*** Begin section ***
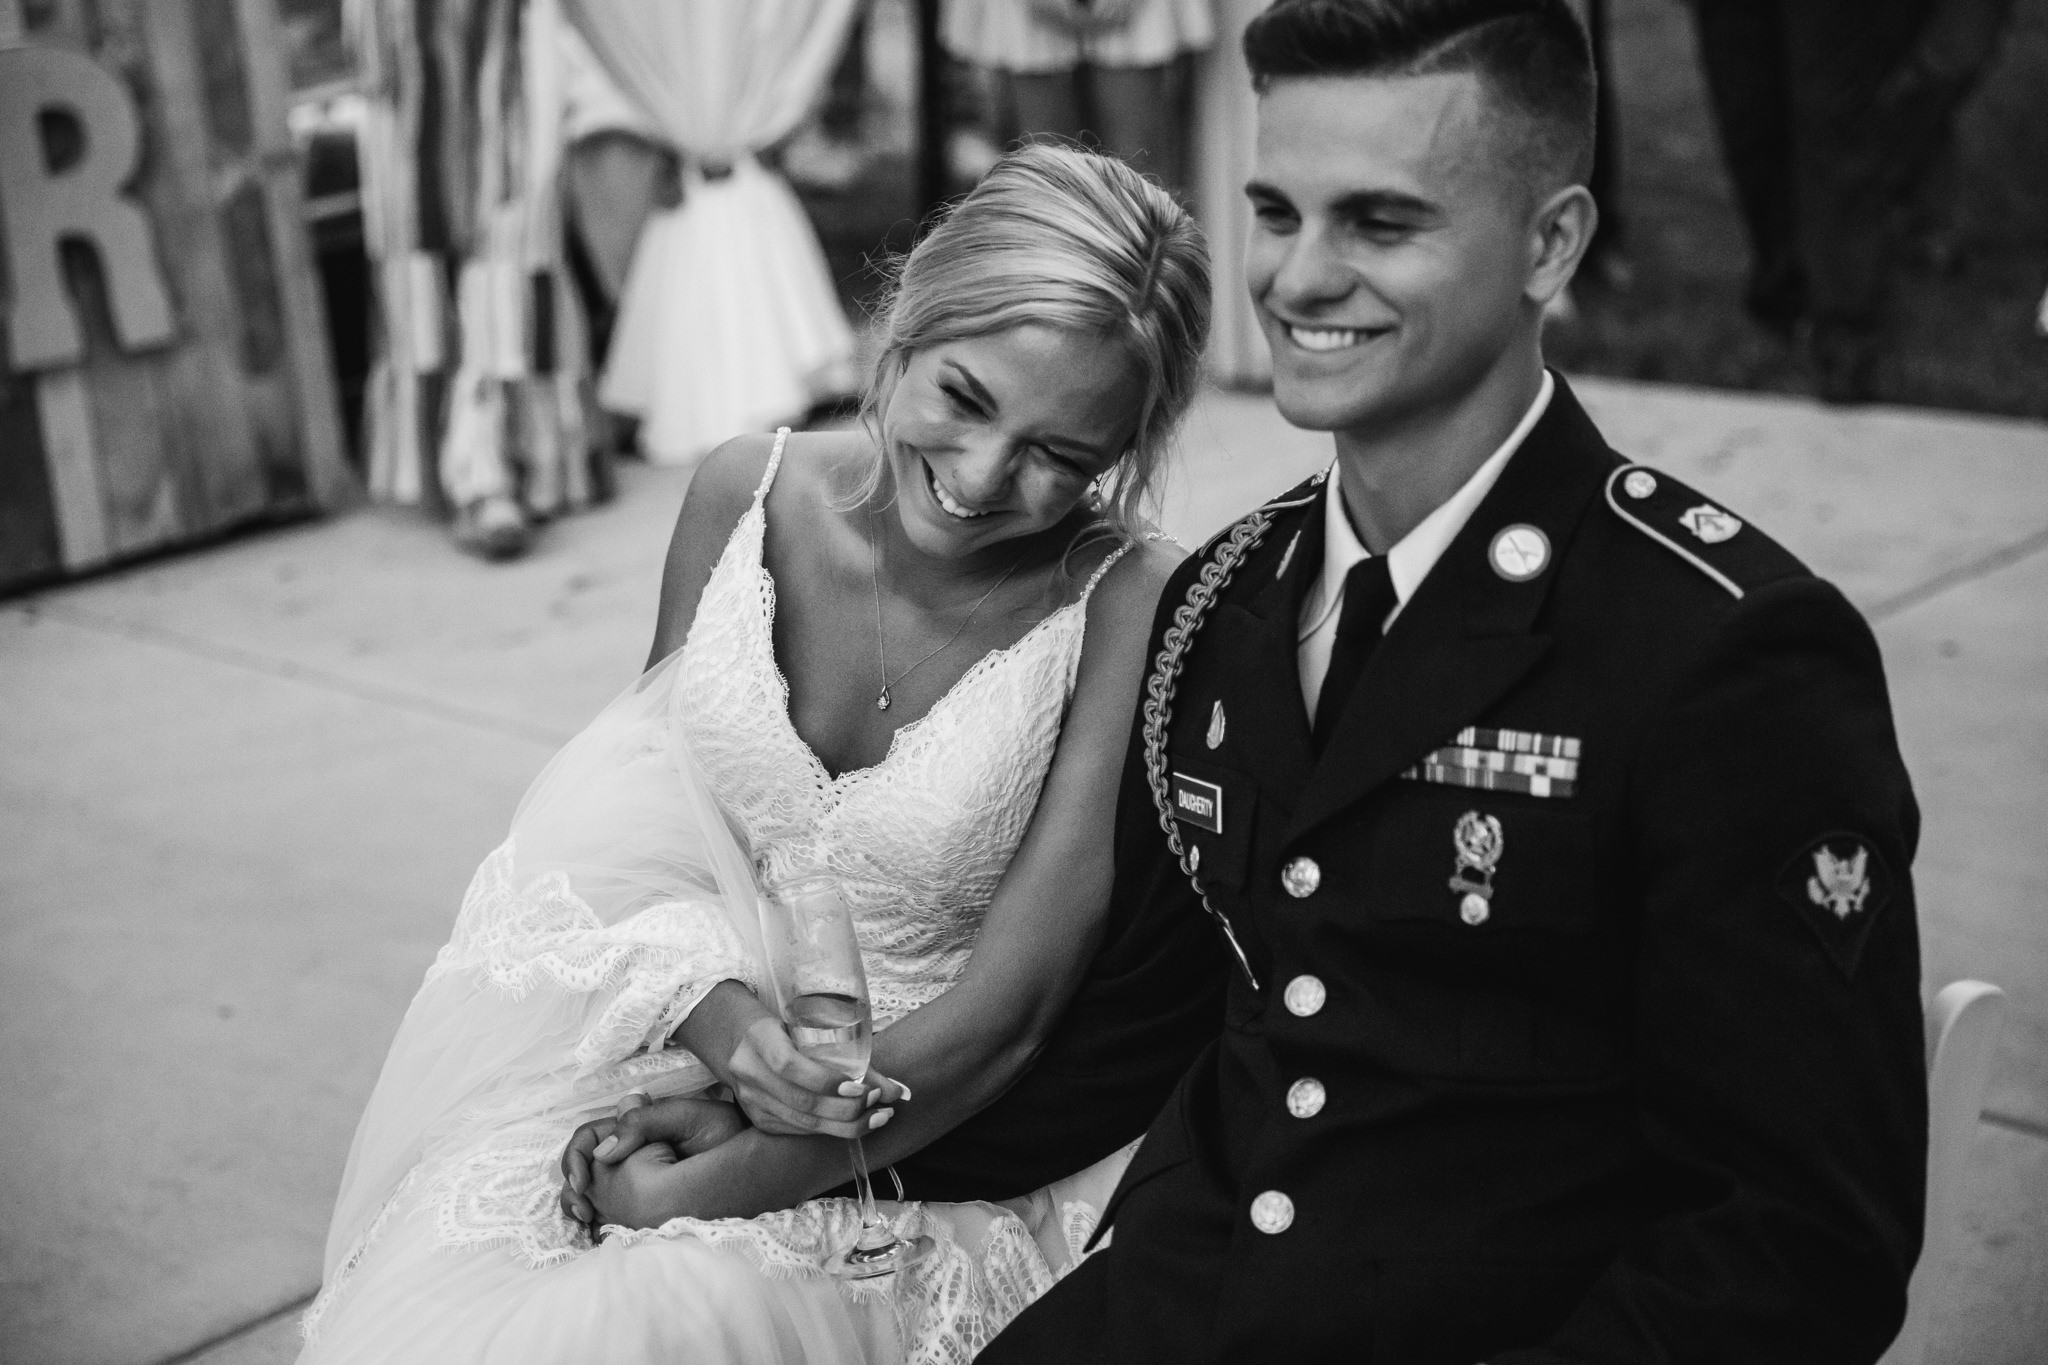 backyard-wedding-thewarmtharoundyou-lexy-branson-38.jpg
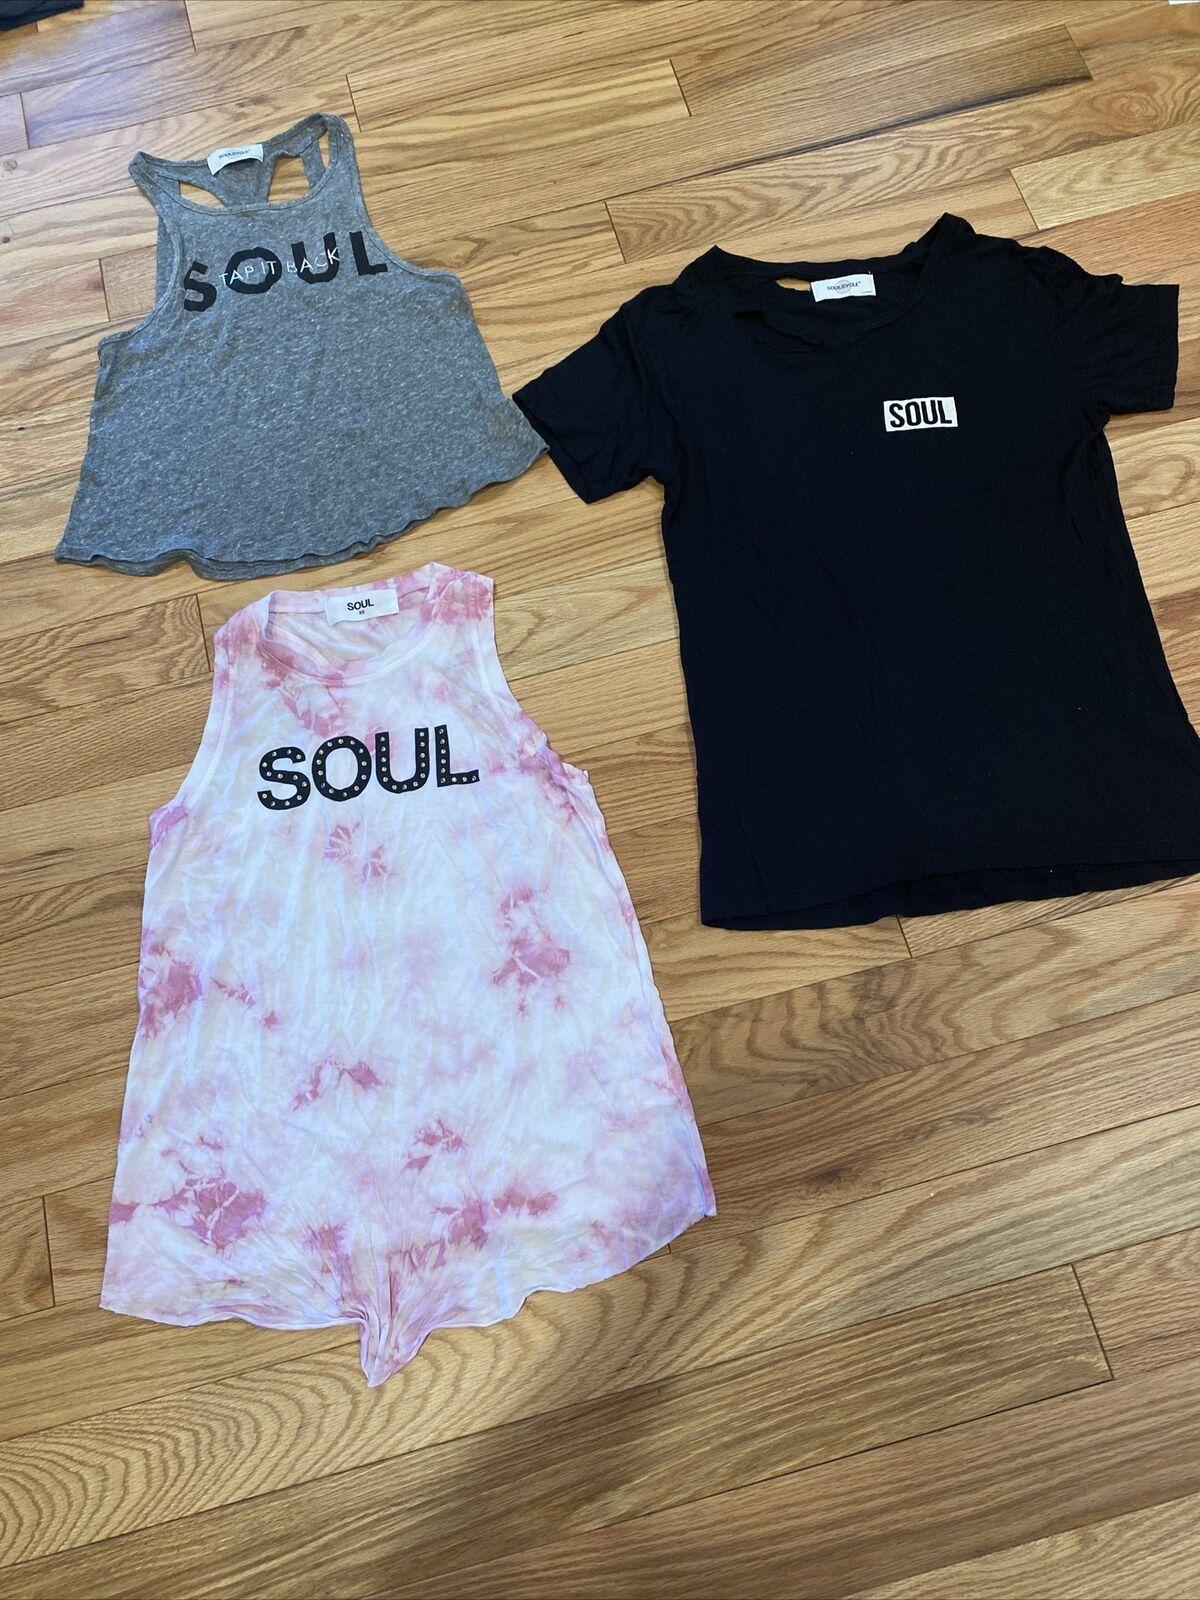 Soul Cycle X Small Soul Workout Tank T Shirt Sleeveless Lot Of 3 All NWOT
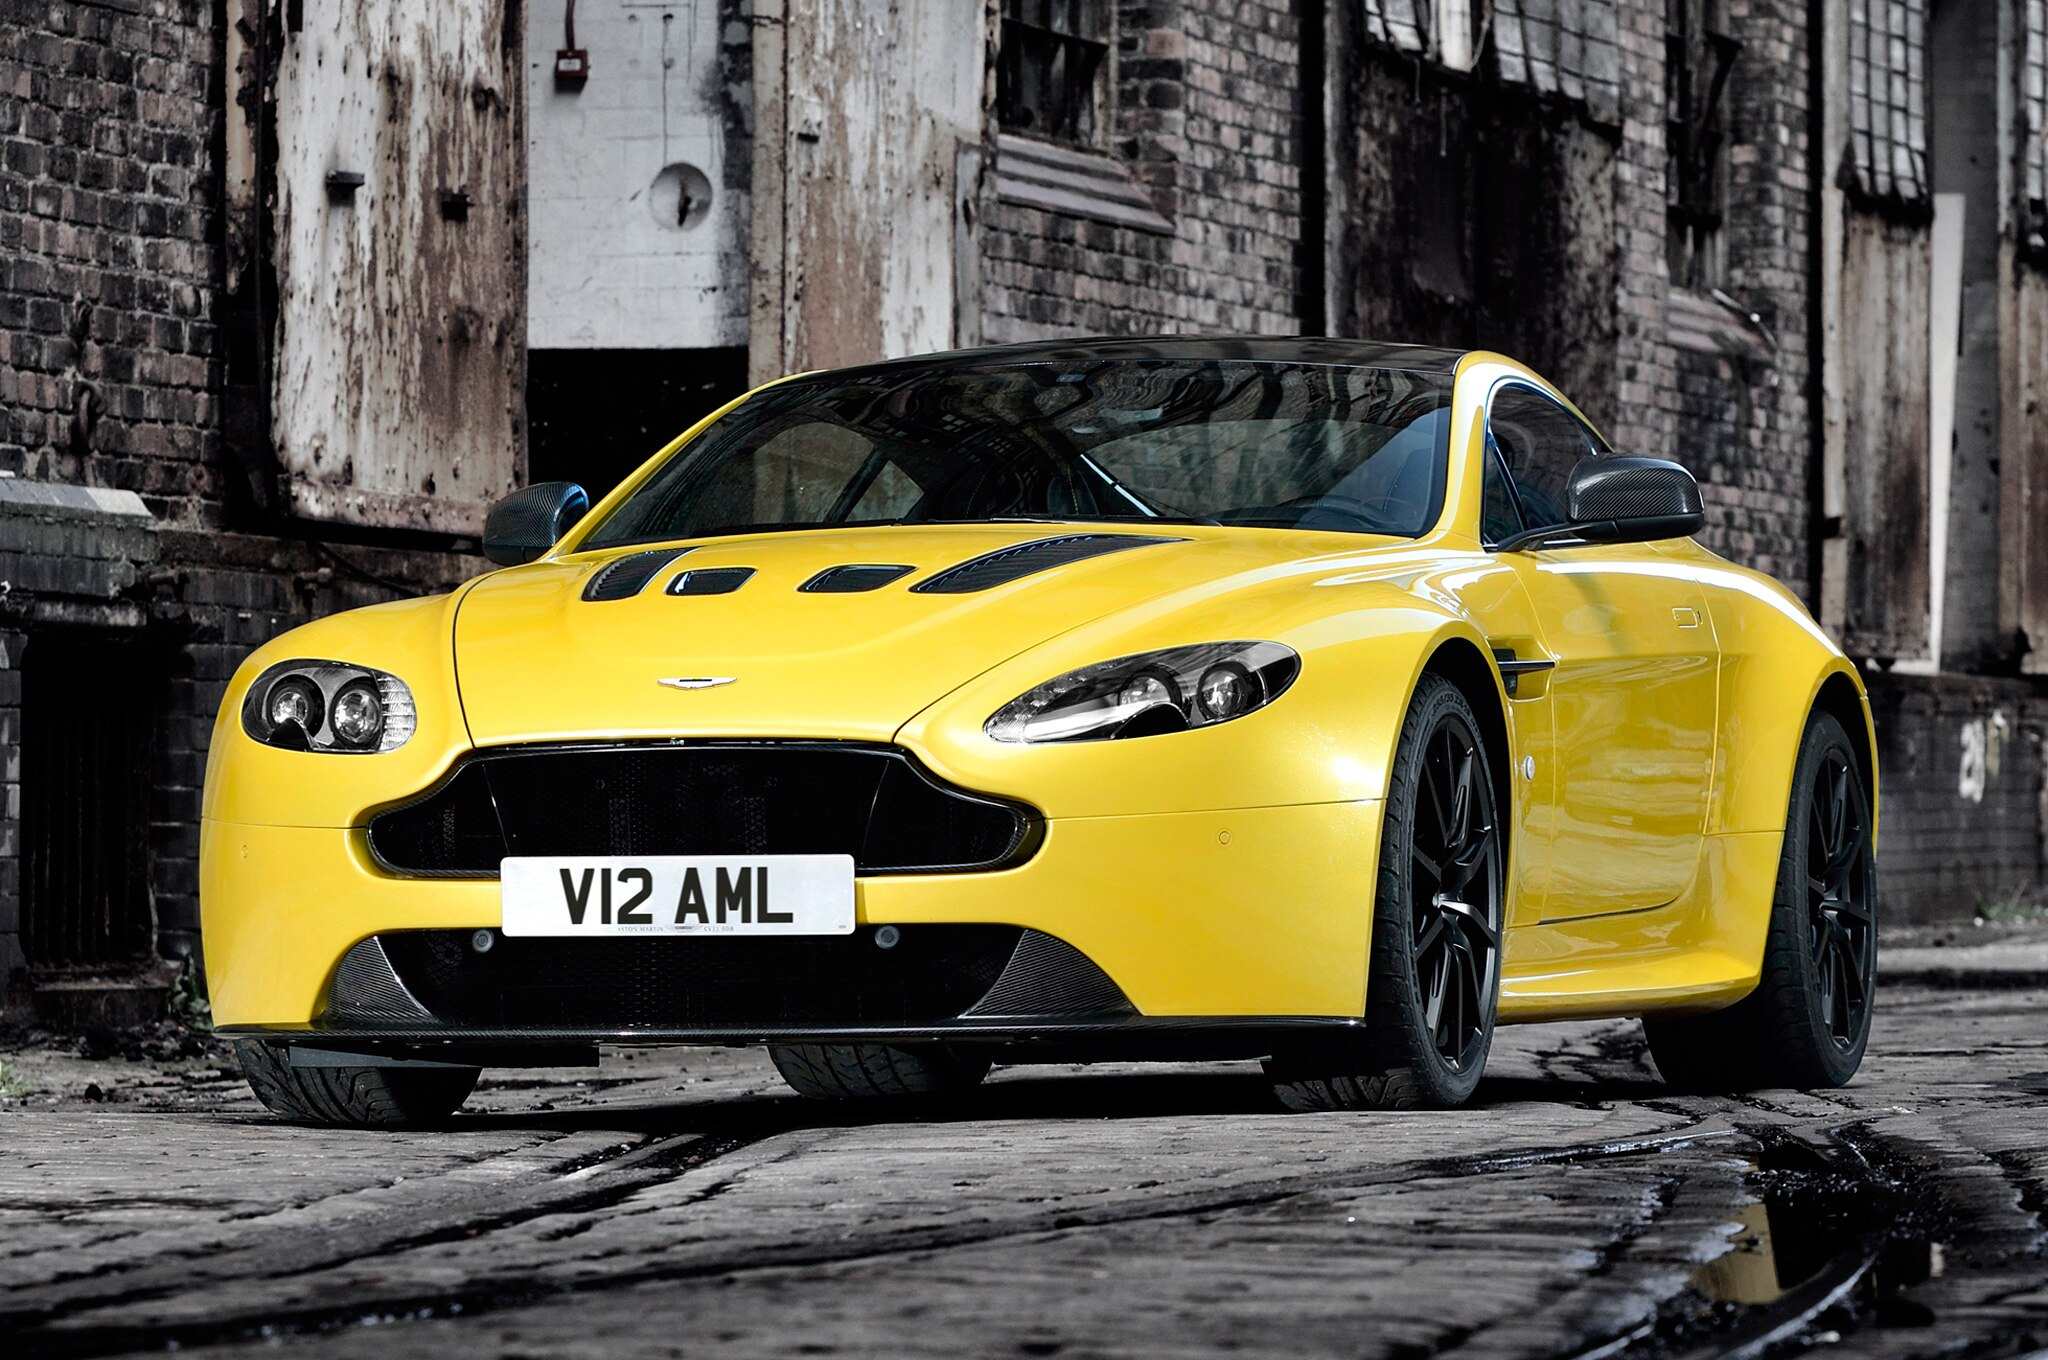 2015 Aston Martin V12 Vantage S Unveiled
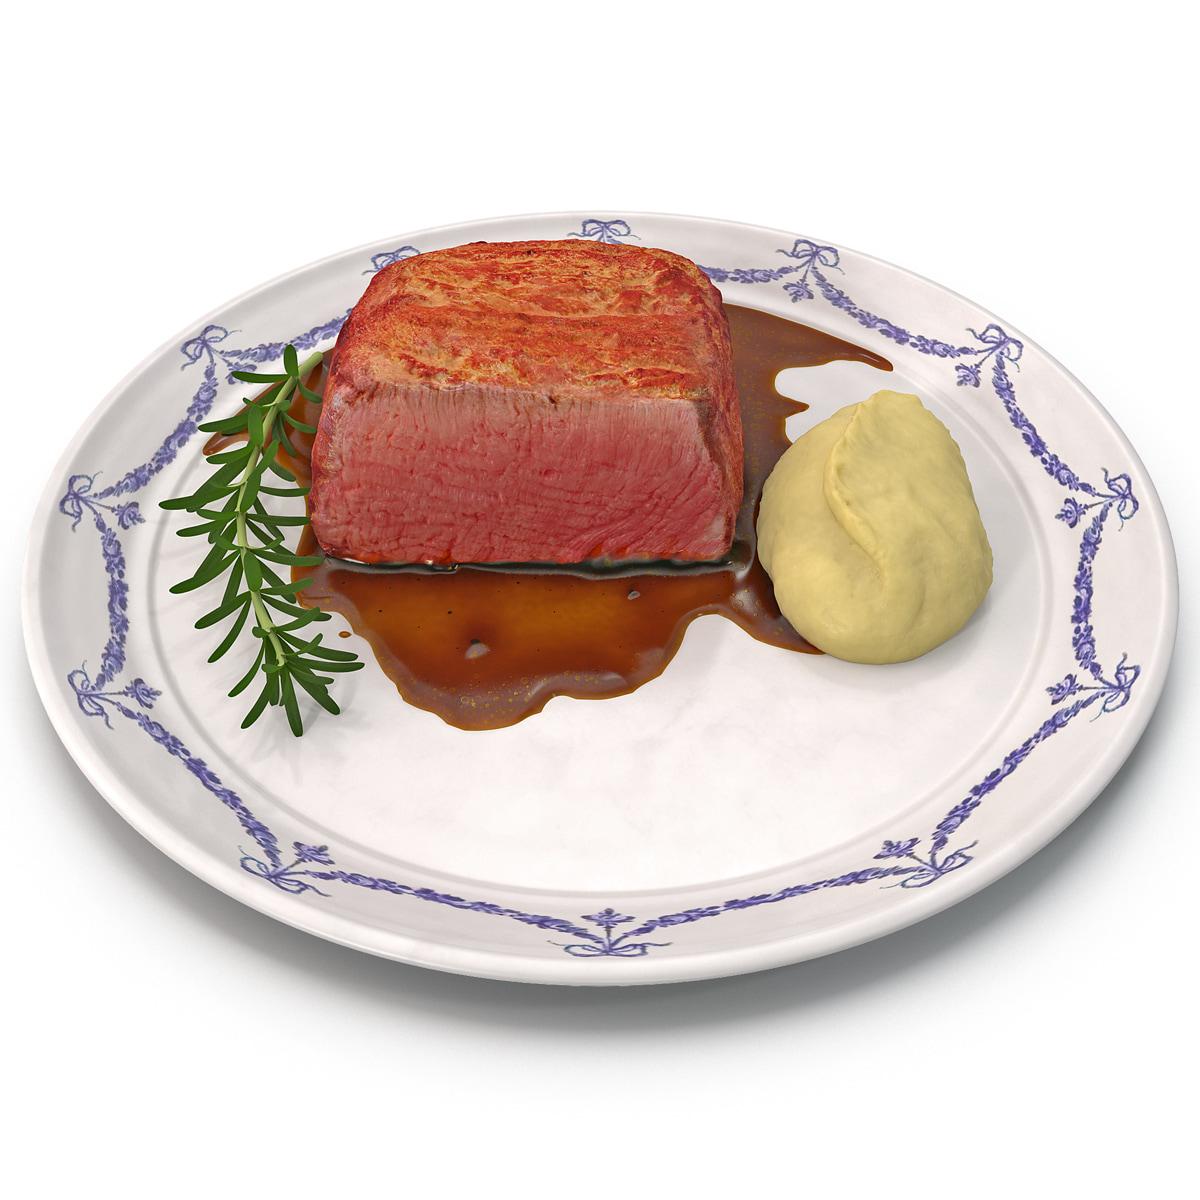 max meal filet mignon
*** End section ***
The expected output is the full material above, unaltered, with pictures removed.

 backyard-wedding-thewarmtharoundyou-lexy-branson-38.jpg
 Soul Cycle X Small Soul Workout Tank T Shirt Sleeveless Lot Of 3 All NWOT
 2015 Aston Martin V12 Vantage S Unveiled
 max meal filet mignon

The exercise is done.